Work item ▸
Begin the copy at the line containing "UM2422 User Manual" in the data below and end it at the line containing "NHXMH 3x1.5mm² Kabel", keeping each line exact and leaving out pictures.

Dataset records ▸
#####

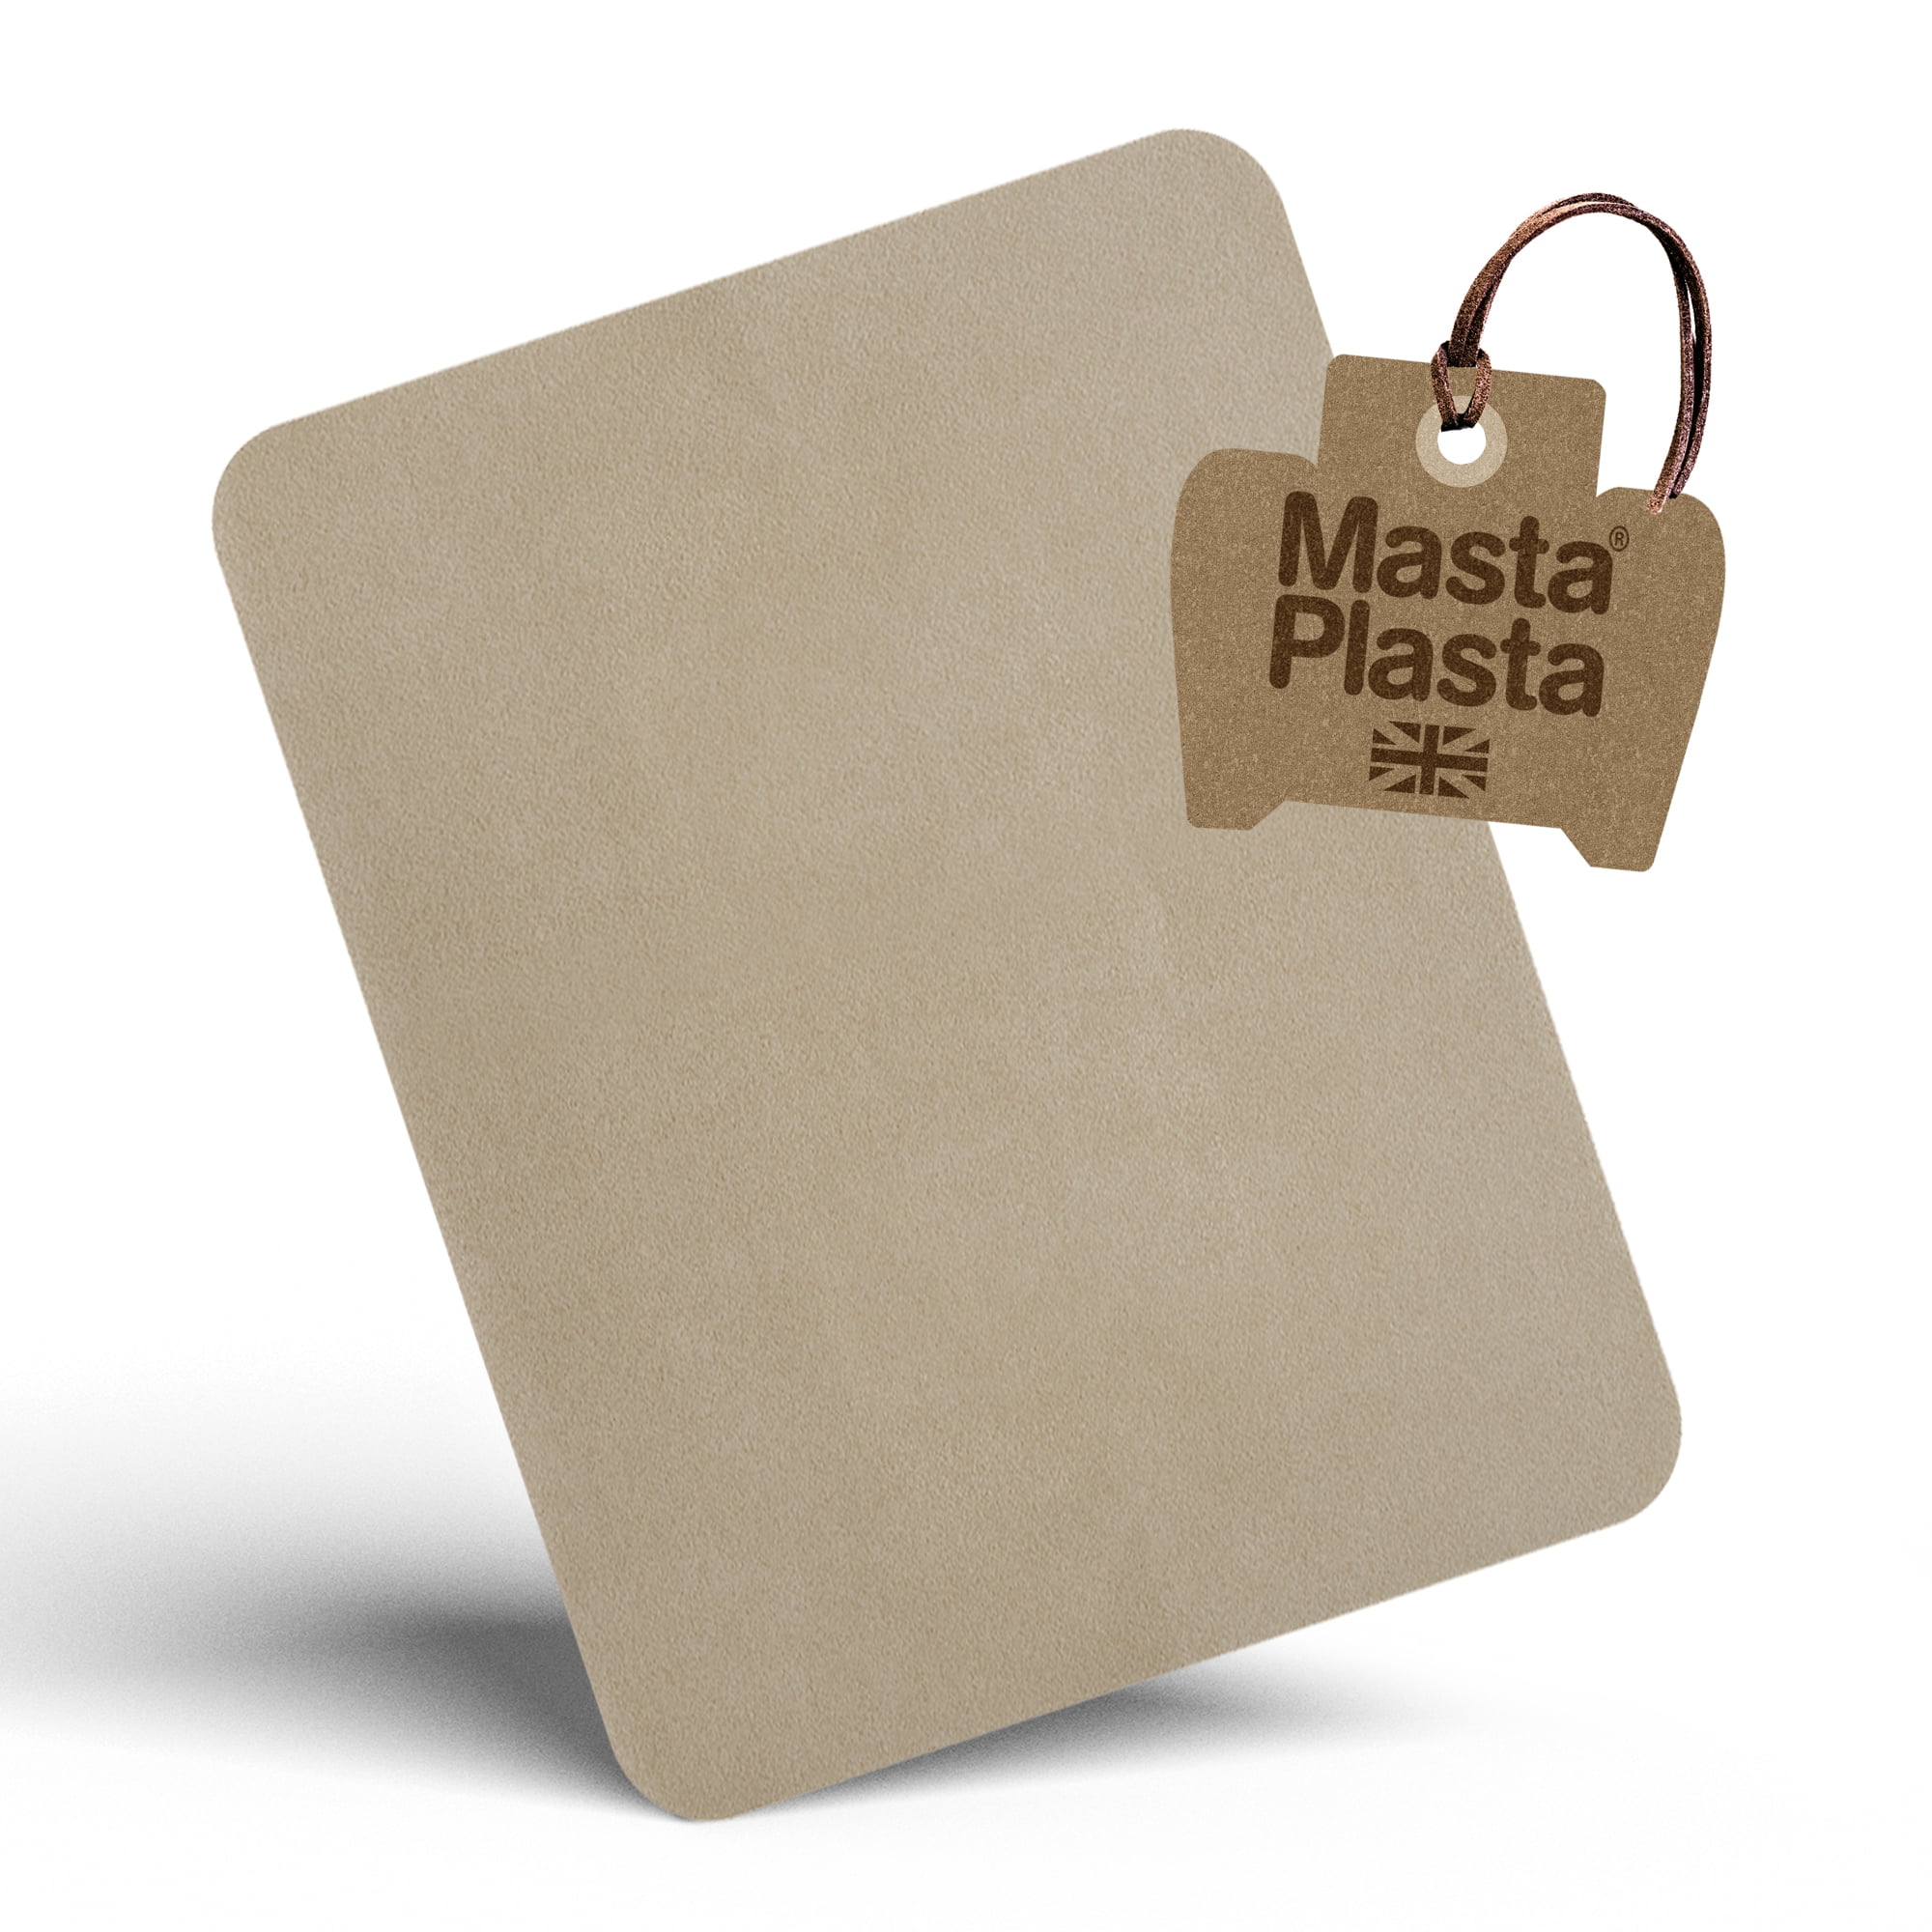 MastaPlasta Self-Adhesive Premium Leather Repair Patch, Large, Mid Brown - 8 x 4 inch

#####

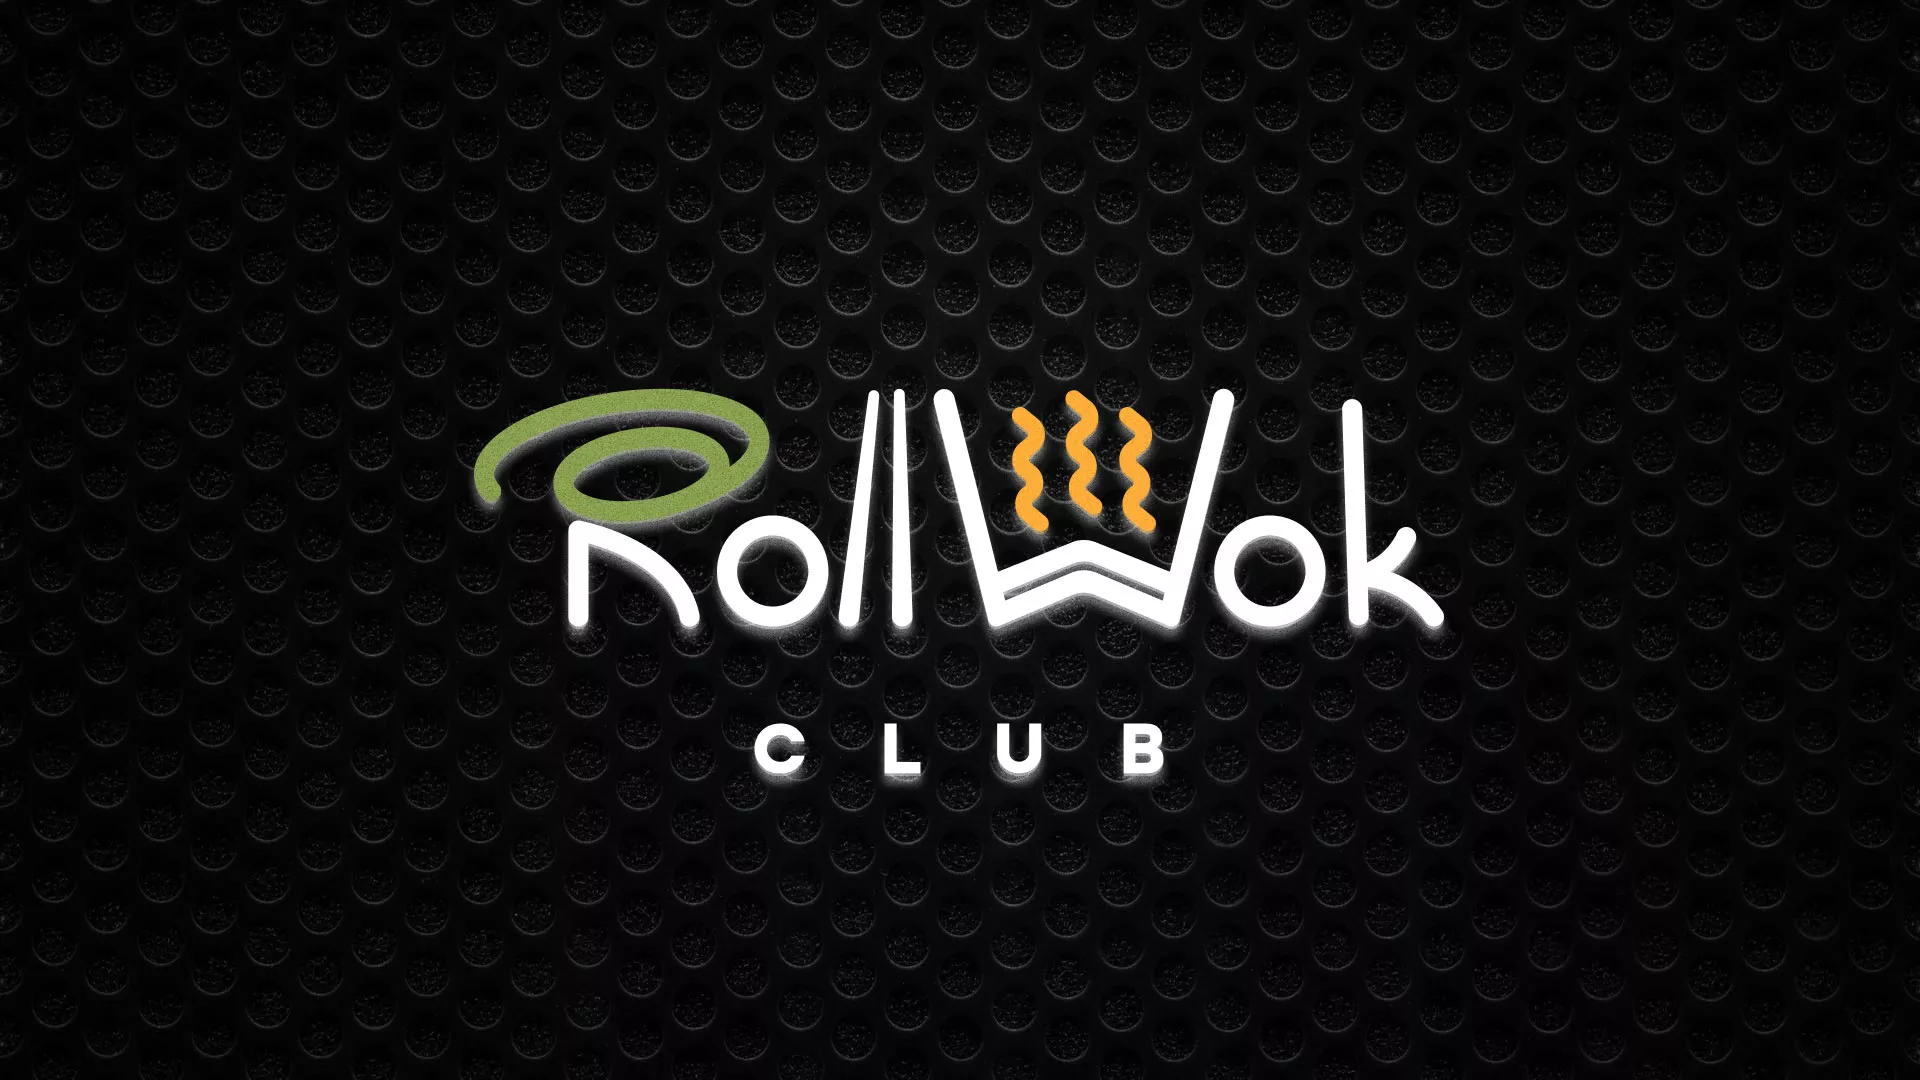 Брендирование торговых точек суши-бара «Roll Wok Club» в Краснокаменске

#####

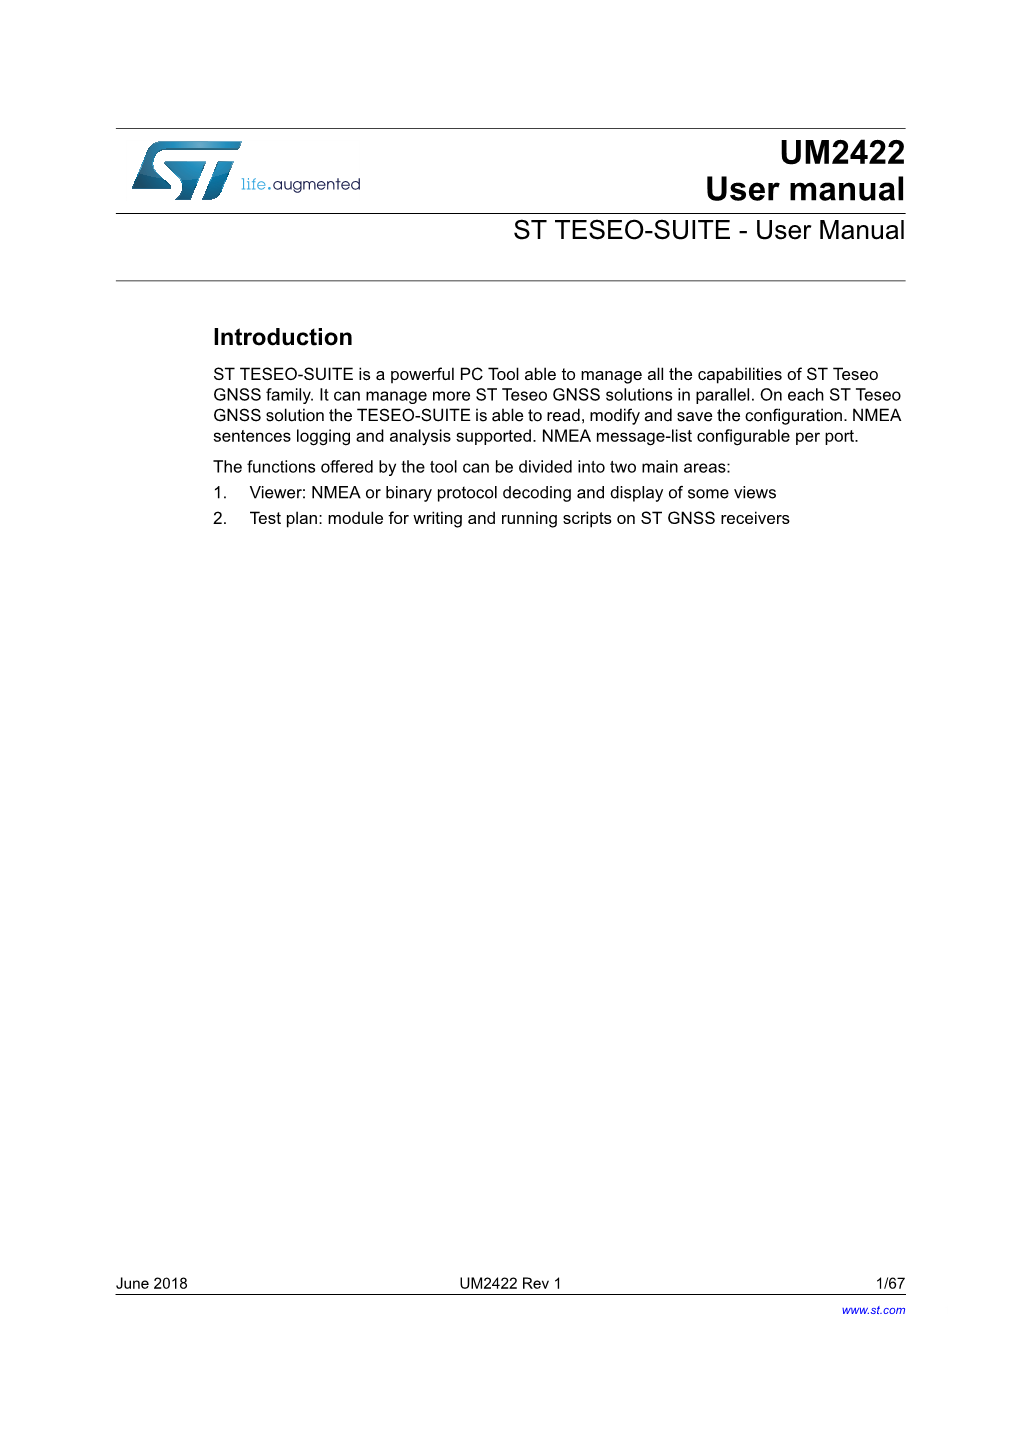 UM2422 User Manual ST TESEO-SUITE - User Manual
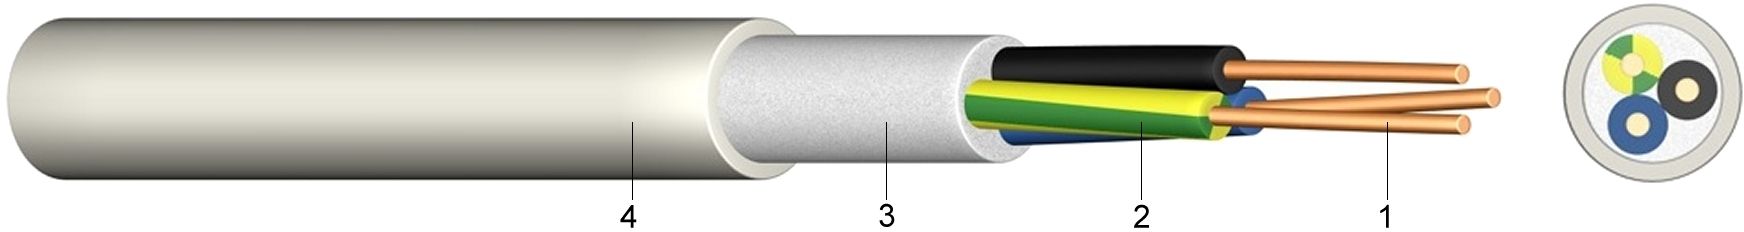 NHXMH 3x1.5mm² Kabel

#####

Answer to the problem ▸
 UM2422 User Manual ST TESEO-SUITE - User Manual
 NHXMH 3x1.5mm² Kabel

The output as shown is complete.